Required action -
An exact copy of the listing below is needed, with no pictures in it.

The data section start

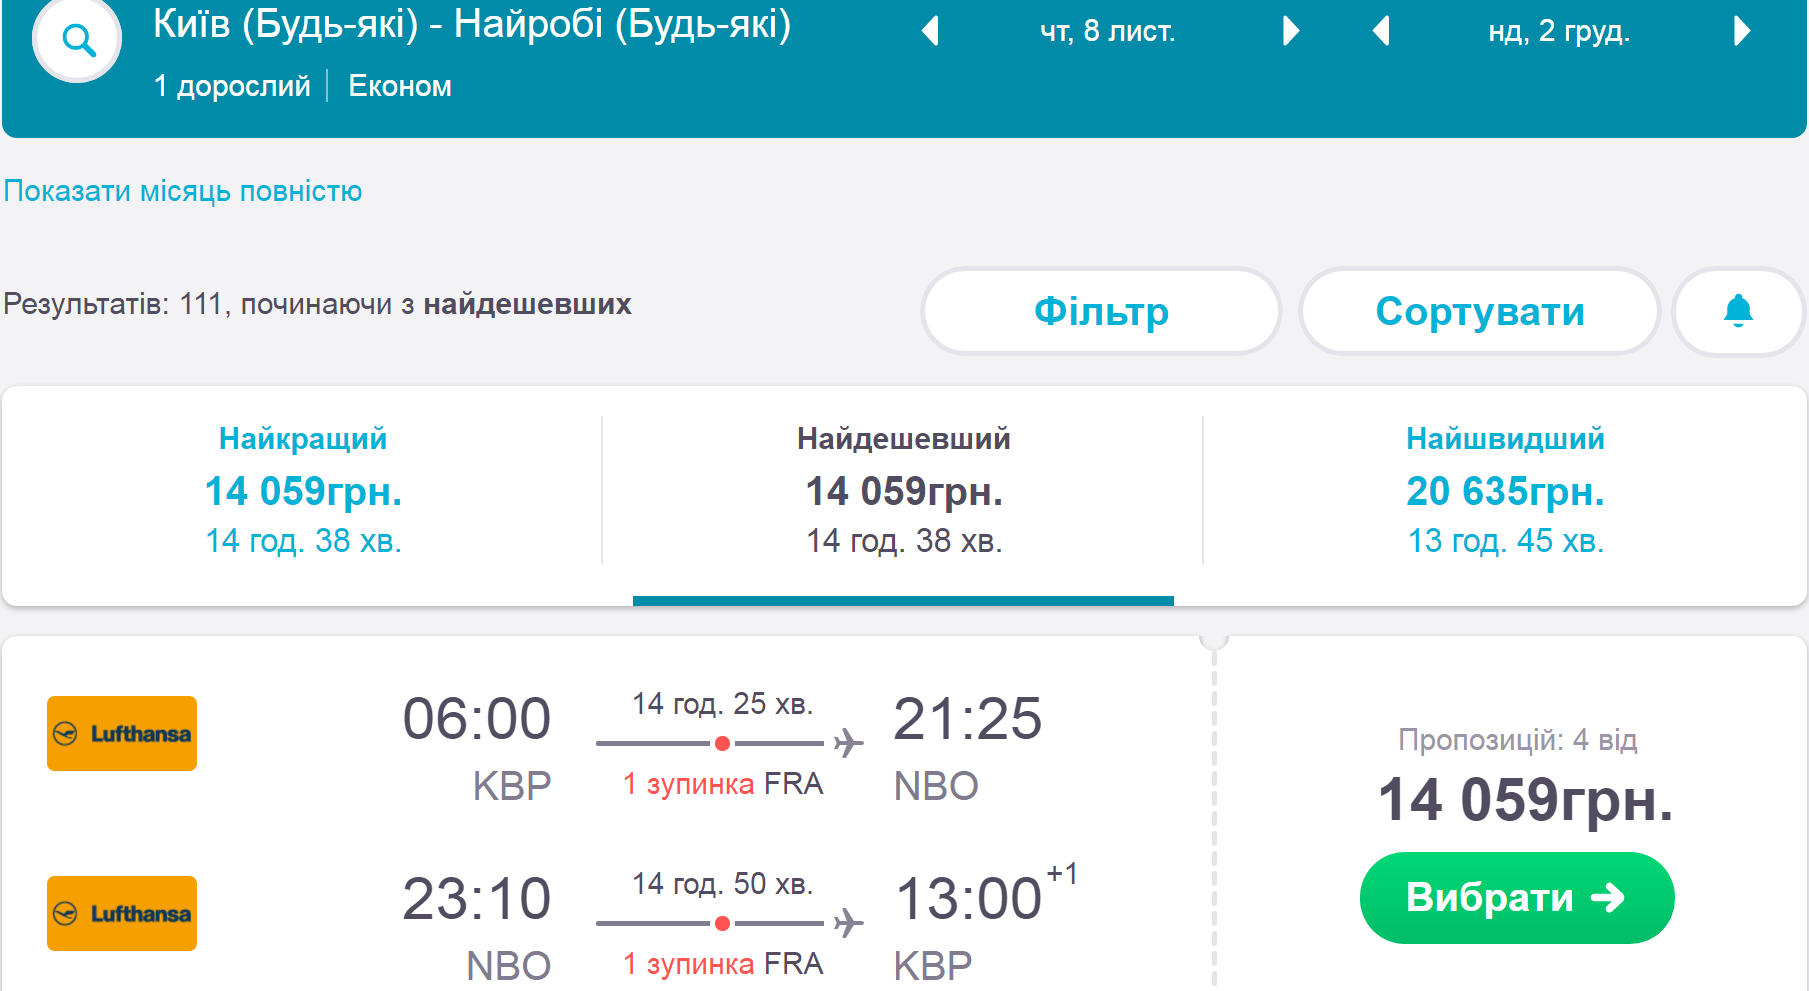 Купить авиабилеты краснодар хабаровск минск одесса авиабилеты прямой рейс цена
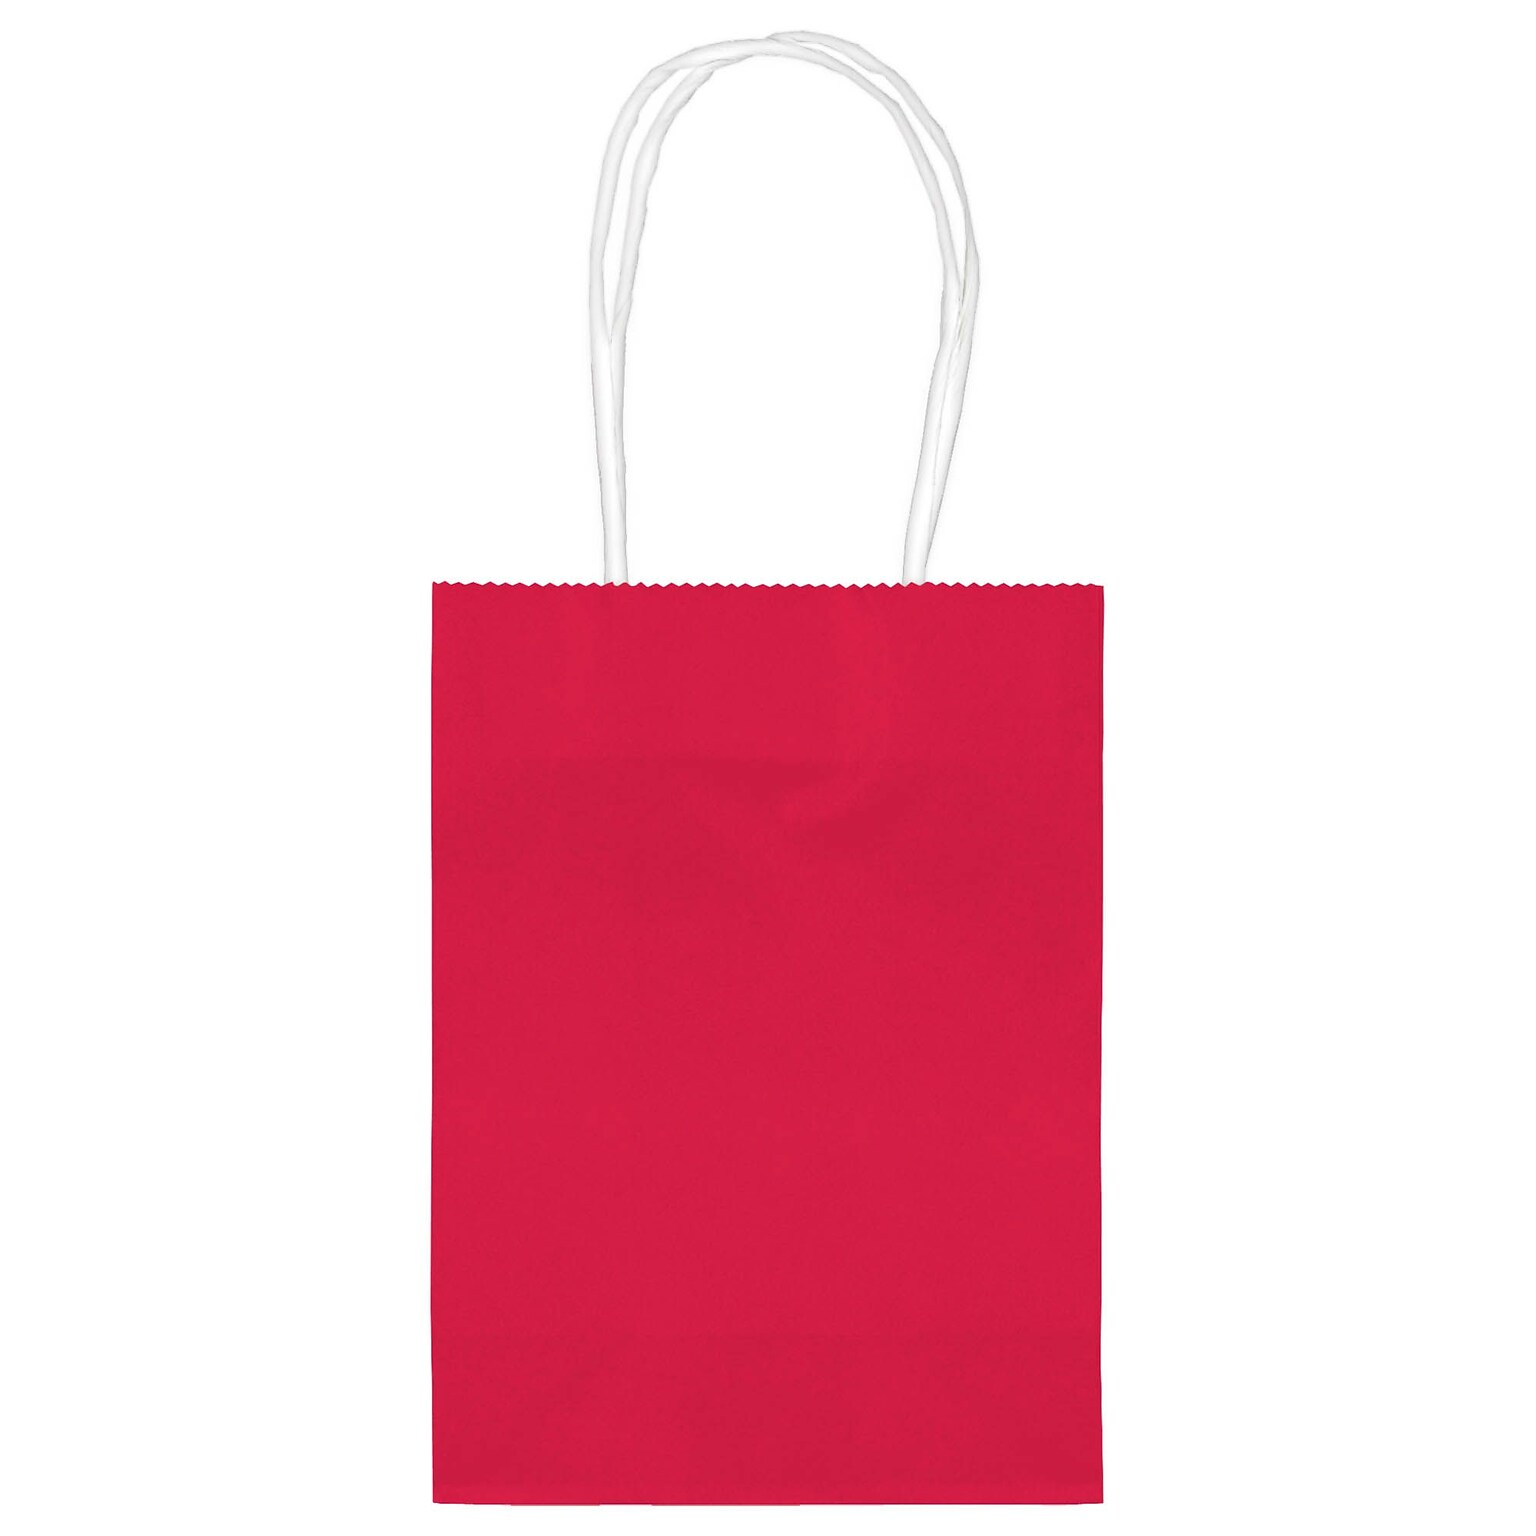 Amscan Kraft Paper Bag, 5 x 4, Red, 48 Bags/Pack (160059.40)
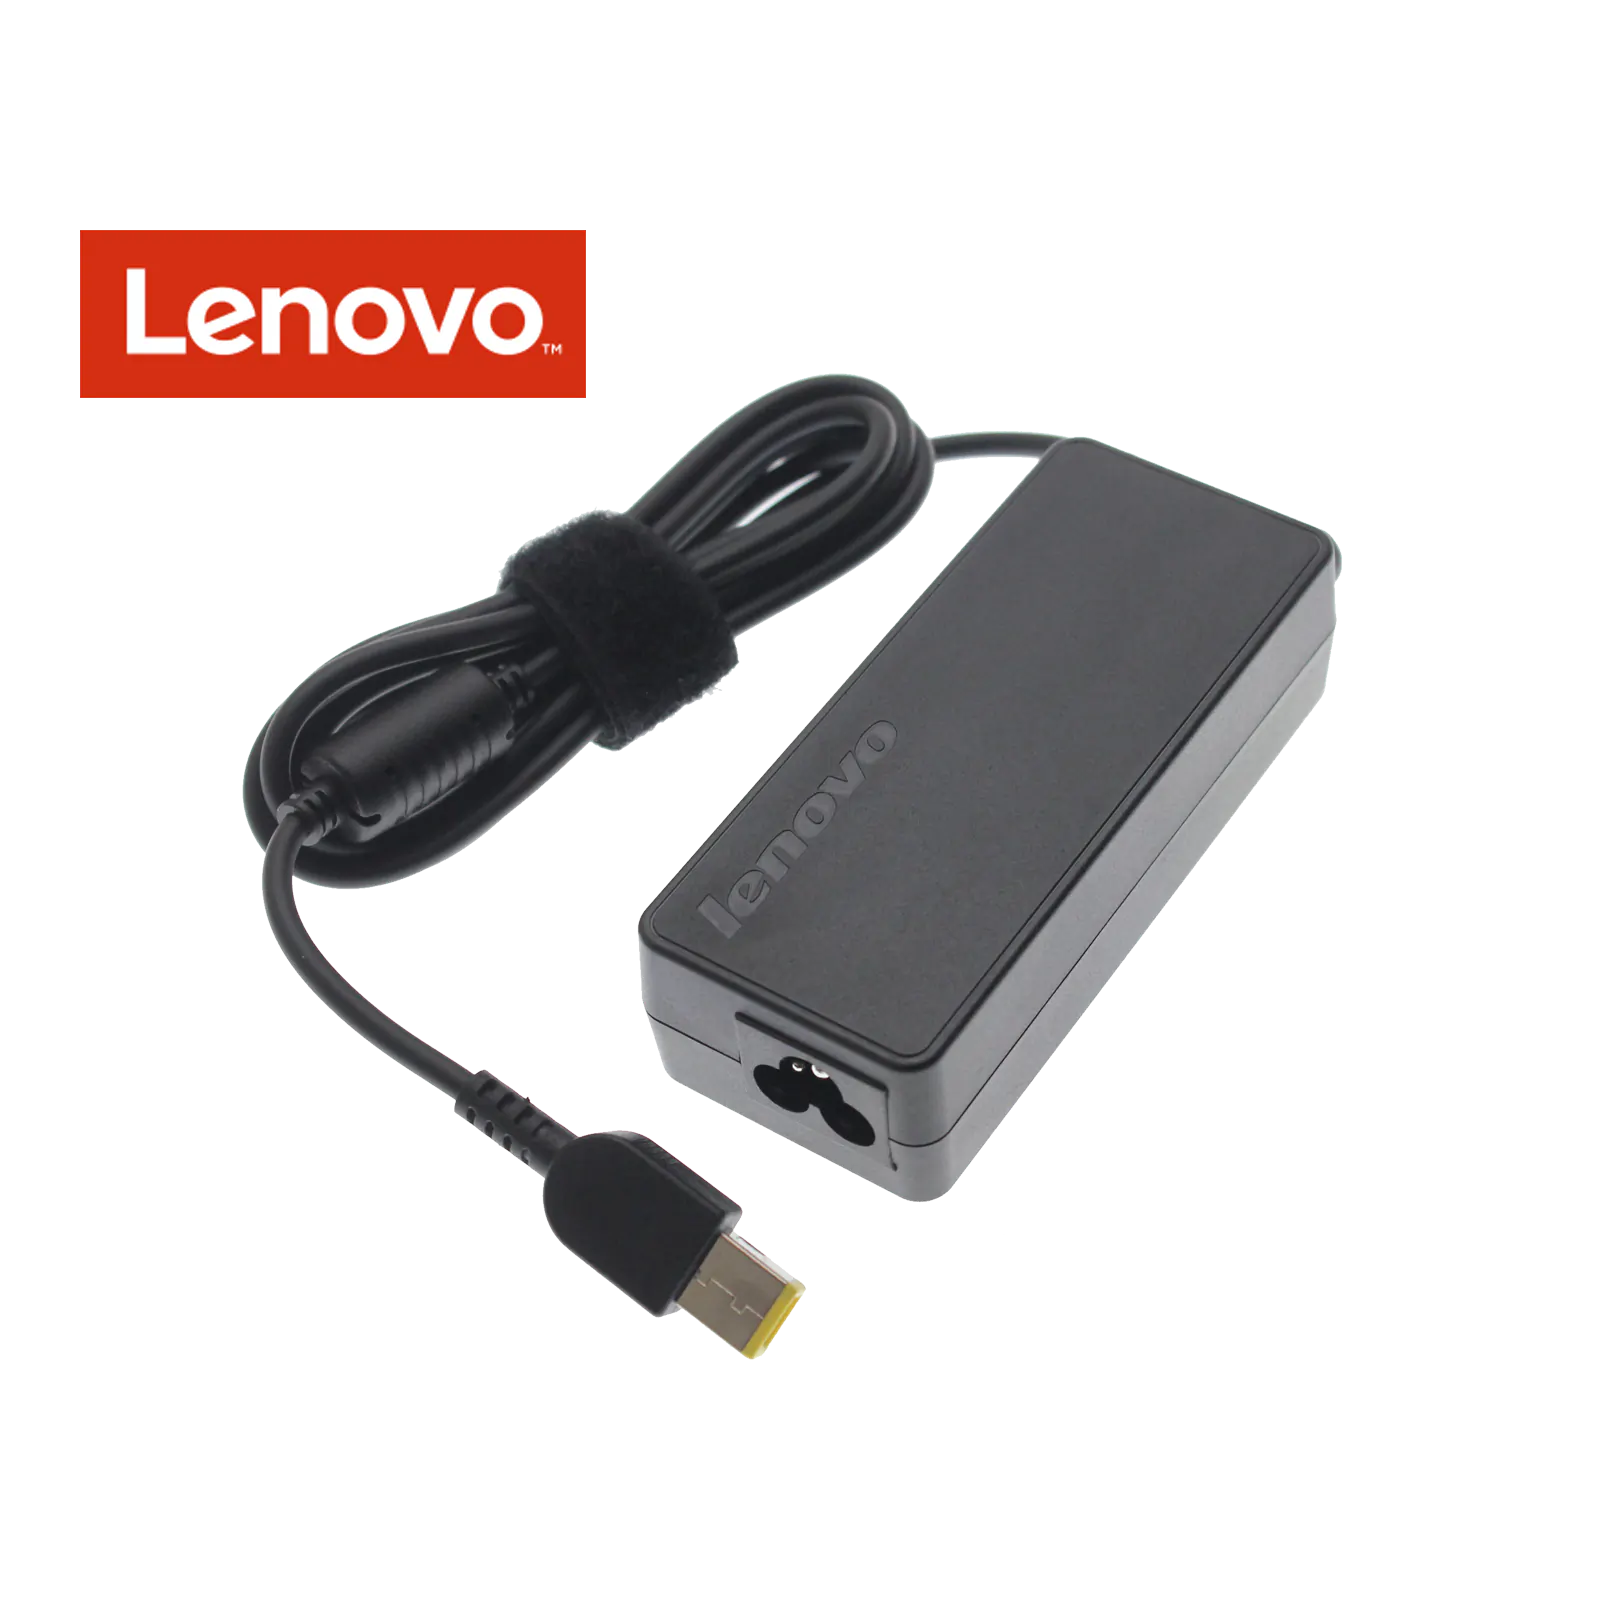 Lenovo ThinkPad E450c, E550c Adaptör Şarj Aleti-Cihazı
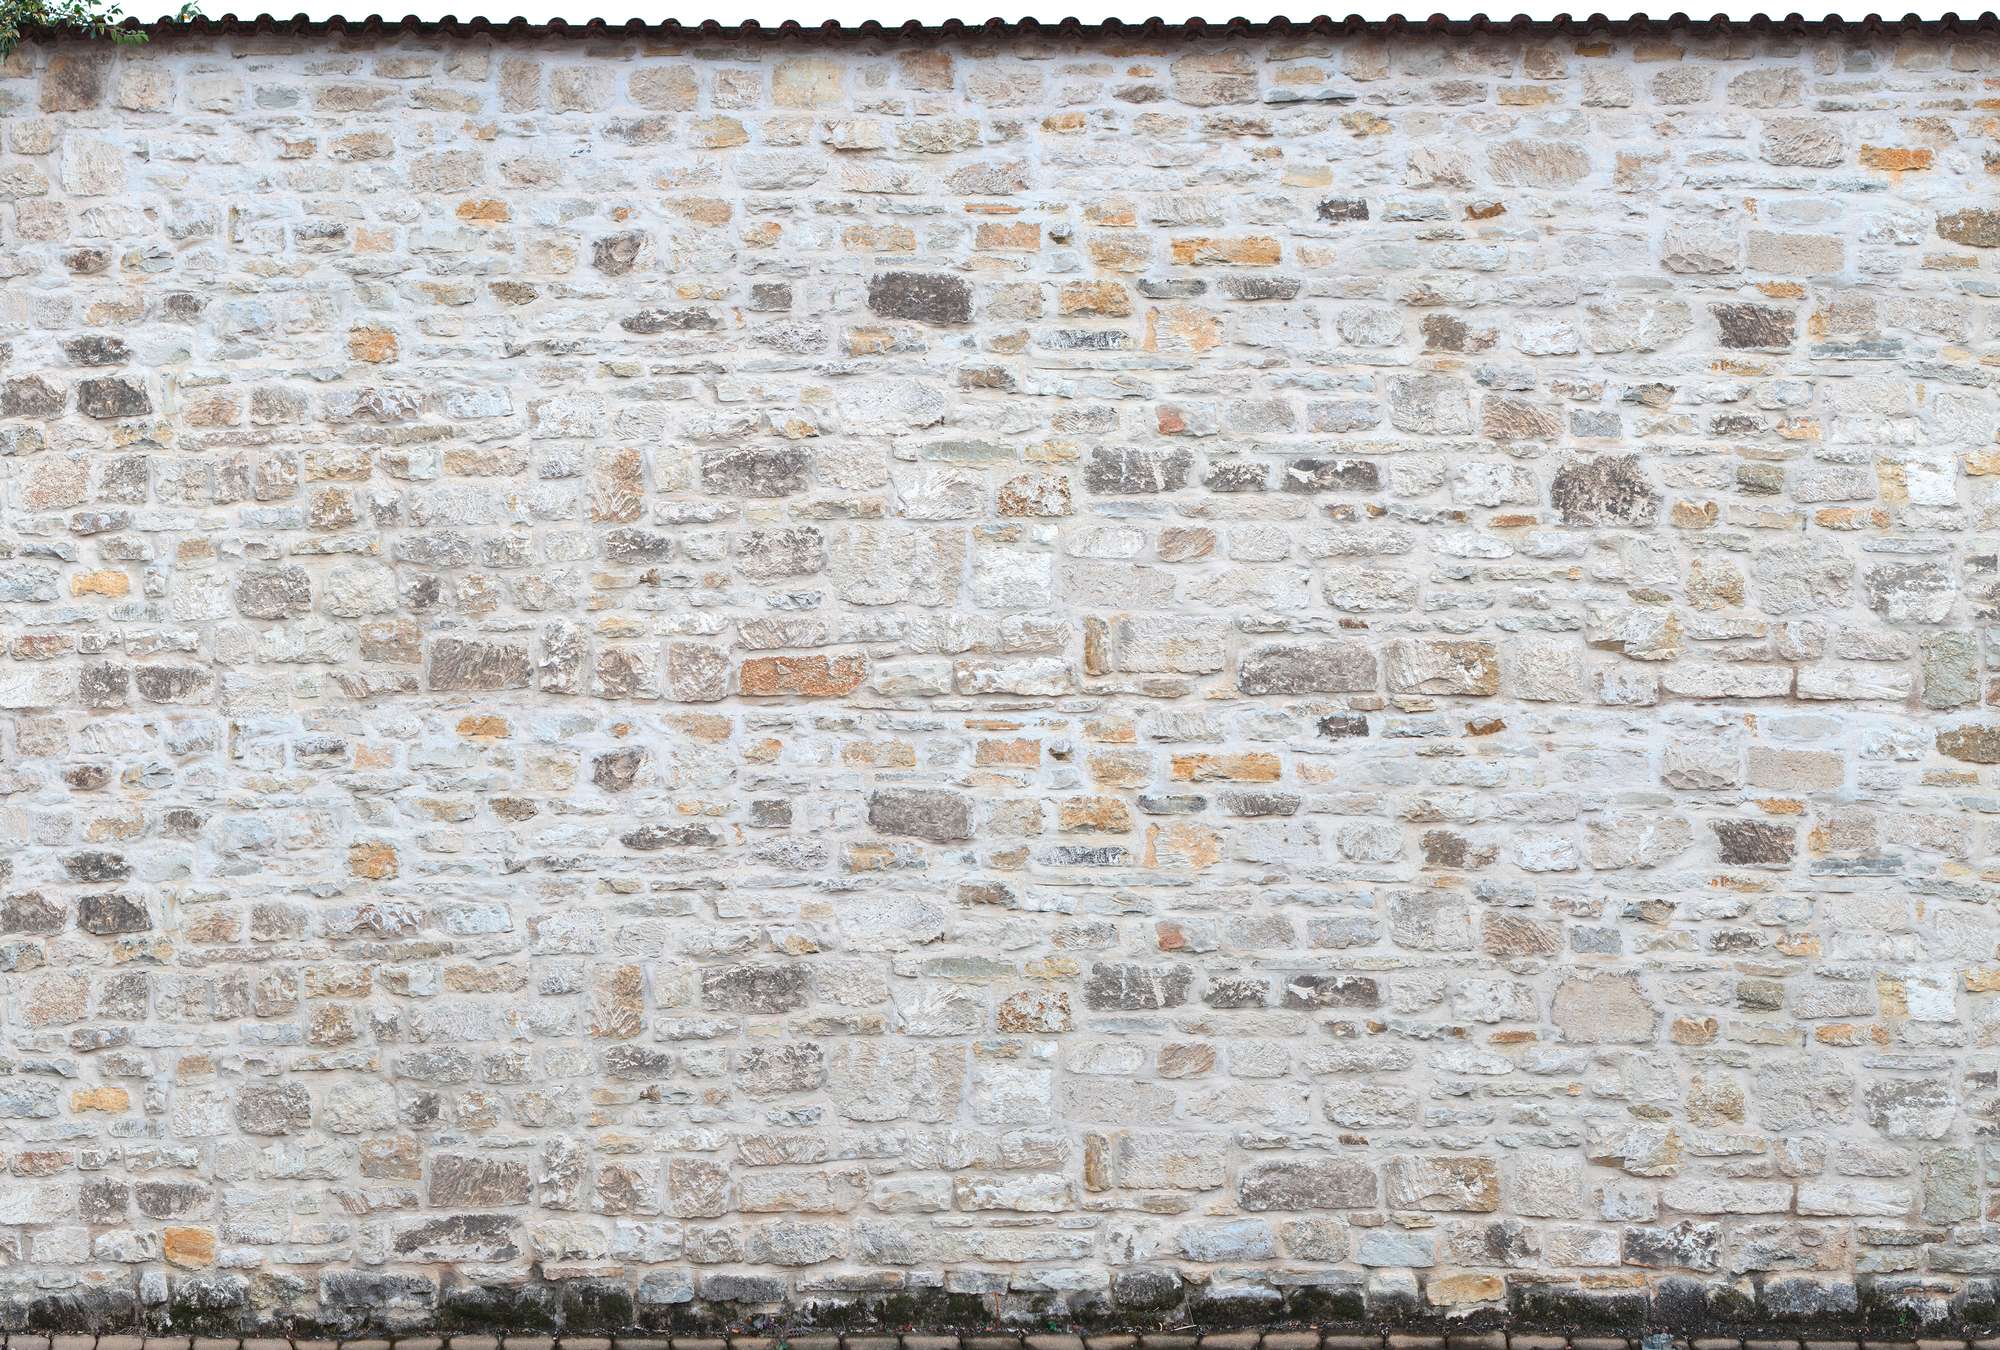             Fototapete im Landhausstil – Natursteinmauer

The data section end

Result for this task -
 Купить авиабилеты краснодар хабаровск минск одесса авиабилеты прямой рейс цена
 Amscan Kraft Paper Bag, 5 x 4, Red, 48 Bags/Pack (160059.40)
 Lenovo ThinkPad E450c, E550c Adaptör Şarj Aleti-Cihazı
             Fototapete im Landhausstil – Natursteinmauer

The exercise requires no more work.